Overview: The Three Groups
| Category | Examples | Relative Risk of Invasive Cancer |
|---|
| Nonproliferative breast changes (fibrocystic changes) | Cysts, fibrosis, adenosis, apocrine metaplasia | 1.0 (~3% lifetime risk) |
| Proliferative disease without atypia | Usual ductal hyperplasia, sclerosing adenosis, radial scar, papilloma | 1.5-2x (~5-7%) |
| Proliferative disease with atypia | Atypical ductal hyperplasia (ADH), atypical lobular hyperplasia (ALH) | 4-5x (~13-17%) |
Most come to clinical attention as mammographic calcifications or densities, or as incidental findings.
1. Nonproliferative Breast Changes (Fibrocystic Changes) - MAIN FOCUS
These are common morphologic alterations occurring most often between 30 and 50 years of age, likely due to hormonal fluctuations during the menstrual cycle. The term "nonproliferative" denotes no increased risk of breast cancer, though this is somewhat misleading - some of these changes do involve increased proliferation and may harbor clonal genetic aberrations.
Three principal morphologic features define fibrocystic changes:
A. Cystic Change (with Apocrine Metaplasia)
- Small cysts form by dilation of lobules, which may coalesce into larger cysts
- Unopened cysts contain turbid, semitranslucent brown- or blue-colored fluid (called "blue-dome cysts")

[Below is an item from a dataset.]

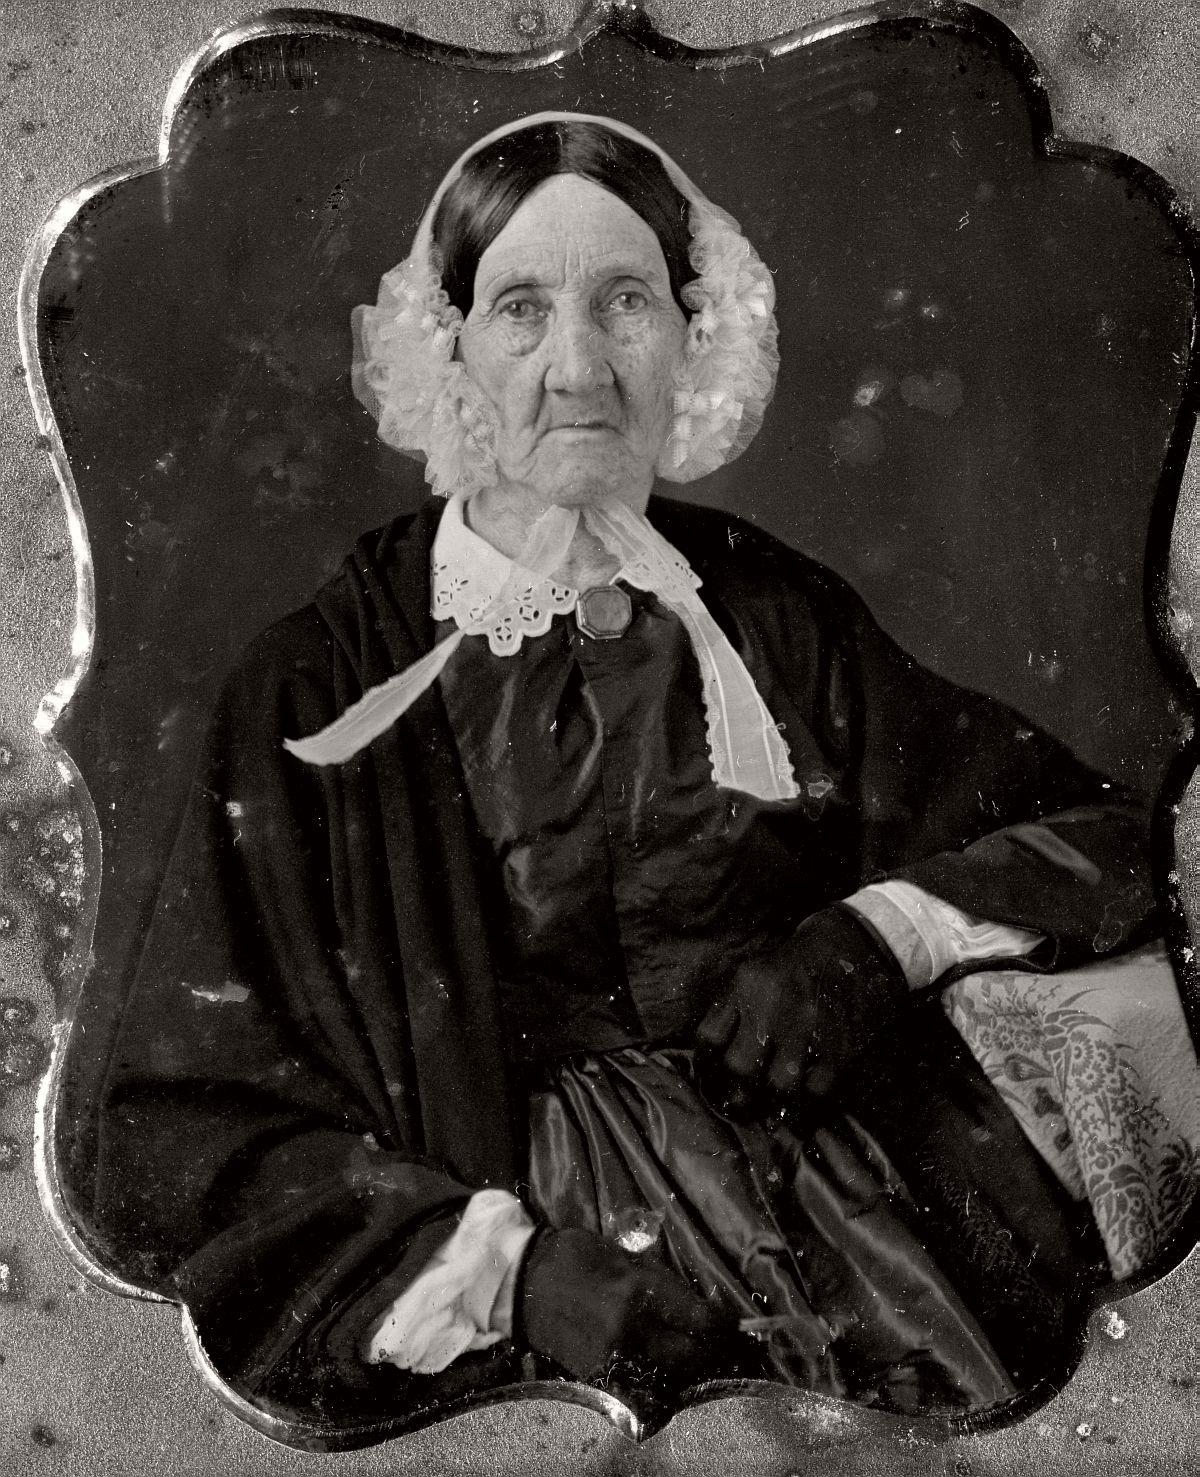 daguerreotype-portrait-ladies-born-in-the-late-18th-century-1700s-vintage-02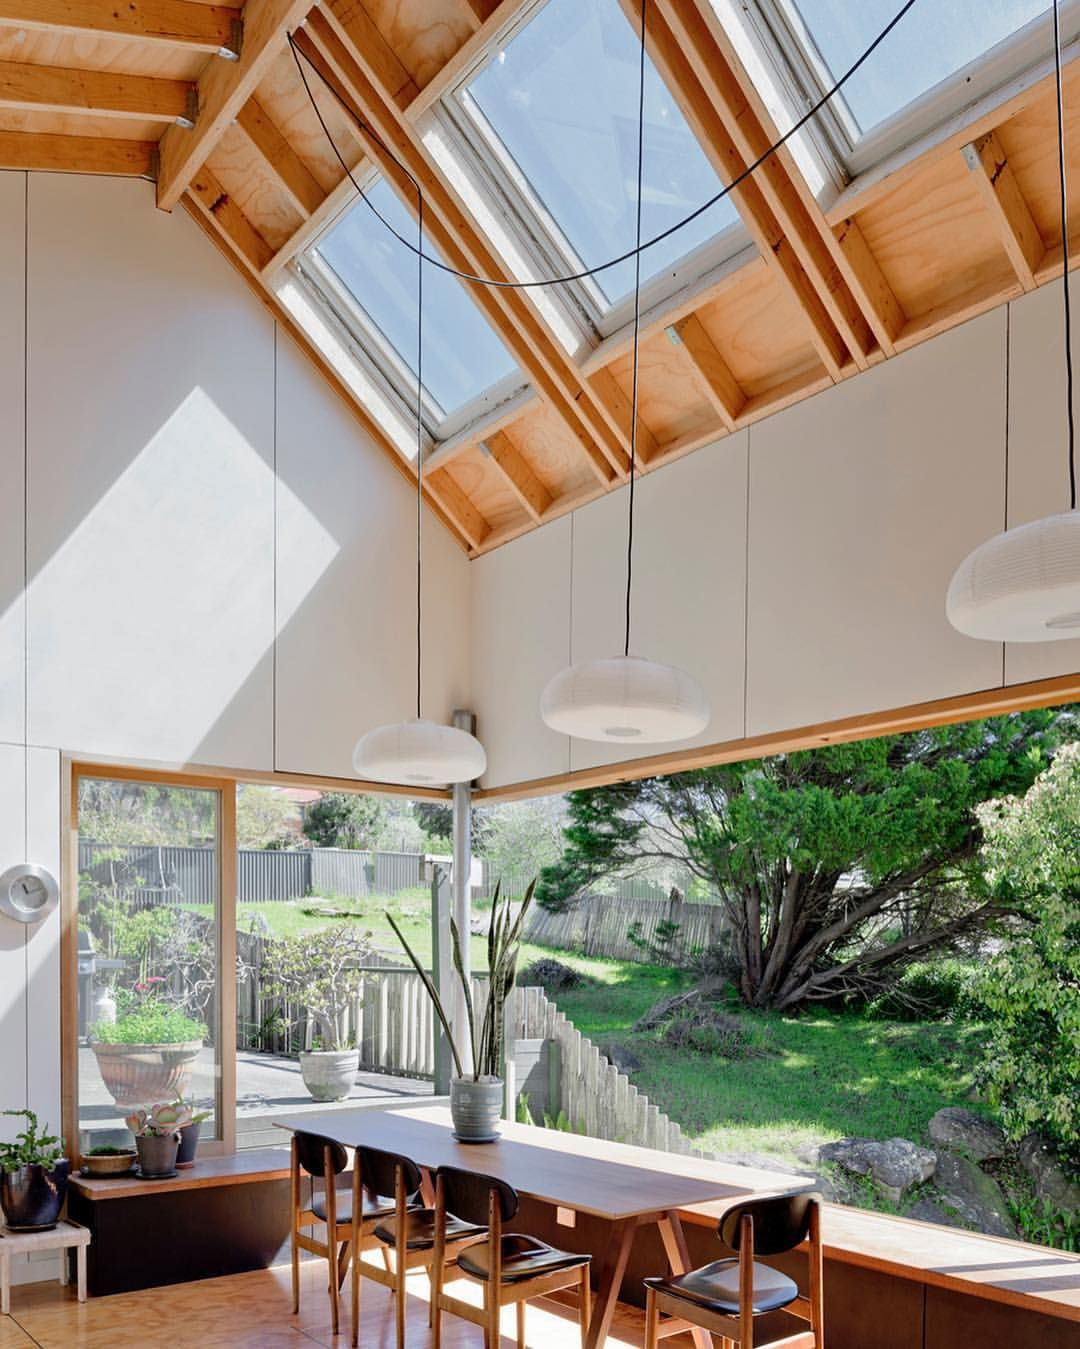 9 refined simple ideas roofing materials outdoor broken

- Cysts are lined by either flattened atrophic epithelium or metaplastic apocrine cells
- Apocrine cells have abundant granular eosinophilic cytoplasm resembling normal apocrine sweat gland epithelium
- Calcifications are common - they form on secretory debris and appear as clustered rounded densities on mammography
- Solitary, firm cysts may raise concern for malignancy; the diagnosis is confirmed by disappearance of the mass after fine-needle aspiration
B. Fibrosis
- Cysts frequently rupture, releasing secretory material into the adjacent stroma
- This triggers chronic inflammation and resultant stromal fibrosis
- The fibrosis produces the palpable nodularity characteristic of fibrocystic disease
- This is the "fibro-" component of the term "fibrocystic"
C. Adenosis
- Defined as an increase in the number of acini per lobule
- Acini are lined by columnar epithelial cells
- Calcifications are occasionally present within the lumens
- This is a lobular enlargement without compression or distortion (distinguishing it from sclerosing adenosis, which is proliferative)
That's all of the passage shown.